В начале войны у нас в городе появилась твоя невестка Зоя. Она сторонится нас. Не знаю почему. На всякий случай посылаю тебе ее адрес. Может быть, ей известно больше, чем мне. Твое письмо она читала, адрес взяла. Так что получишь весточку и от нее.
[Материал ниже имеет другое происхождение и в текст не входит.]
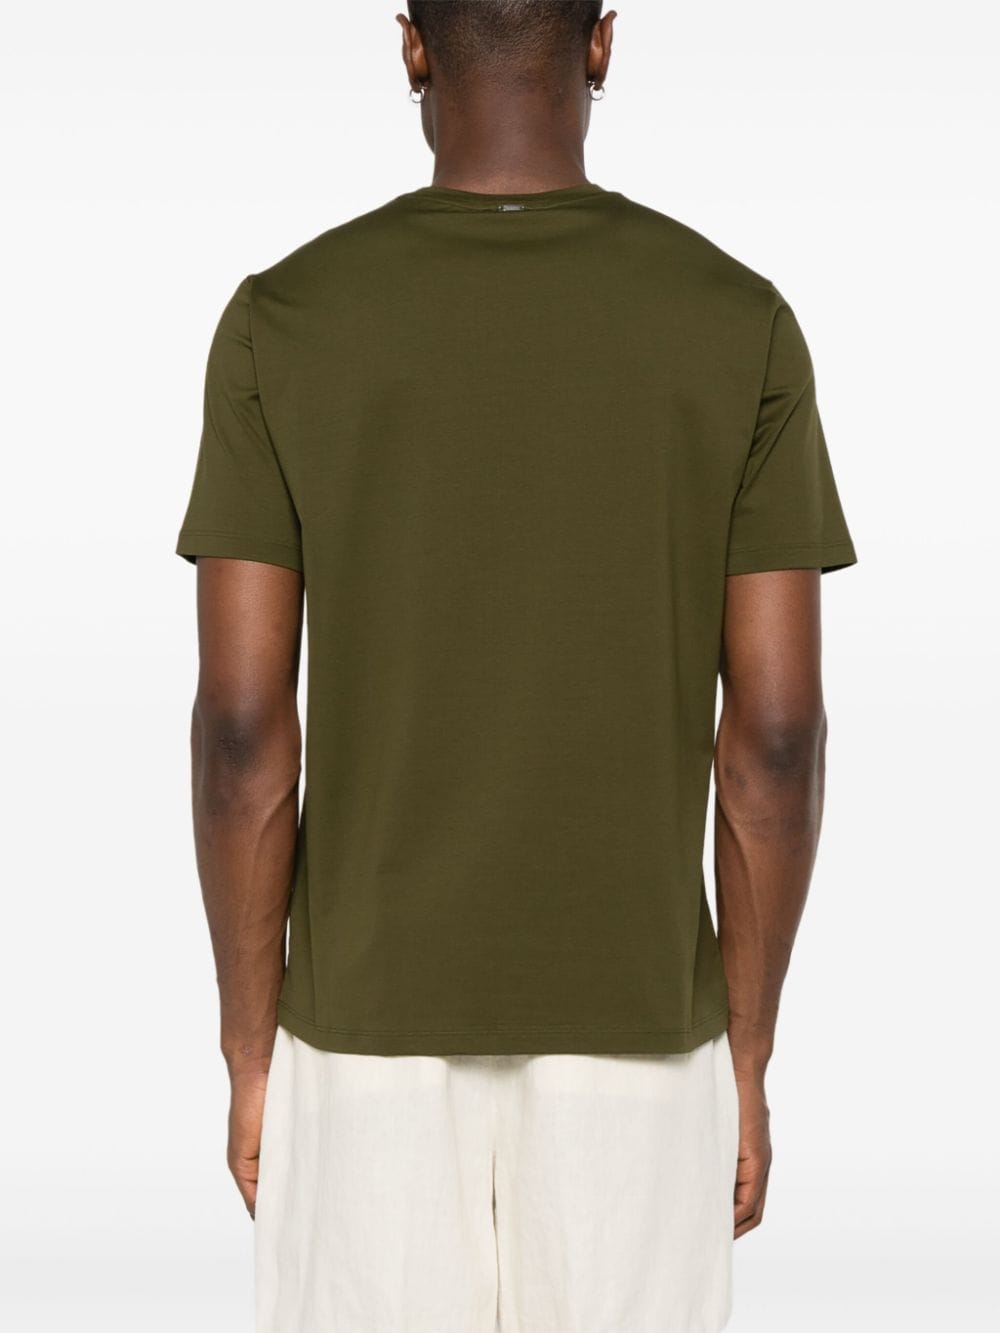 Herno T-shirt met ronde hals Groen

Борис, родной, как мне тебя утешать? Нет слов… Обнимаю тебя и жду твоего возвращения.
С любовью и дружбой
Елена Чистякова.
О чем он думает сейчас, сидя в неестественно прямой позе, опершись головой о деревянный забор? Да способен ли человек во власти непоправимого горя думать? Что-то бесформенное, неуловимое вертится в мозгу, отзывается болью в сердце. Чувство унижения от собственной беспомощности, неспособности вернуть потерянное, отчаяние от бесповоротности случившегося… Но это потом, уже на следующей ступени горя, когда появляется ощущение реальности. Борис к этому еще придет. А что же теперь, когда он сидит на отсыревшей траве один на один со своею бедой? Отупение, пустота.
Из окон госпиталя доносится:
Калинка, калинка, калинка моя! В саду ягода, малинка, малинка моя…На сей раз — не дети. Огрубевшие мужские голоса. Удалой, полный жизни ритм. Лихой, молодецкий свист. К своему великому удивлению, Борис обнаружил, что подхватывает мелодию. Не голосом, нет. Это звучало у него внутри, в такт «Калинке»: «Схватили, сгубили навек… Нету мамы, нету Дины моей…» Борис вздрогнул, закрыл лицо руками: «Диночка, Дина…»
30 октября 1944
Дорогой Борис!
О Давиде ничего тебе сказать не могу. Никаких худых вестей Зоя не получала, не приведи господь! Но, по ее словам, и писем от него не было. Конечно, по нынешним временам ничего удивительного в этом нет. Возможно, Зоя ищет его, а он — ее. И тебя тоже. Легко ли сейчас отыскать человека? Давид на фронте. Зою он оставил у самой границы. А ты воевал, потом долгое время находился в госпитале. Как он теперь может с кем-нибудь из вас связаться? Правда, первое, что ему, так же как и тебе, должно было прийти в голову, — это отыскать нас, едва освободили город. Но, видимо, как раз об этом он и не подумал. Так будем надеяться…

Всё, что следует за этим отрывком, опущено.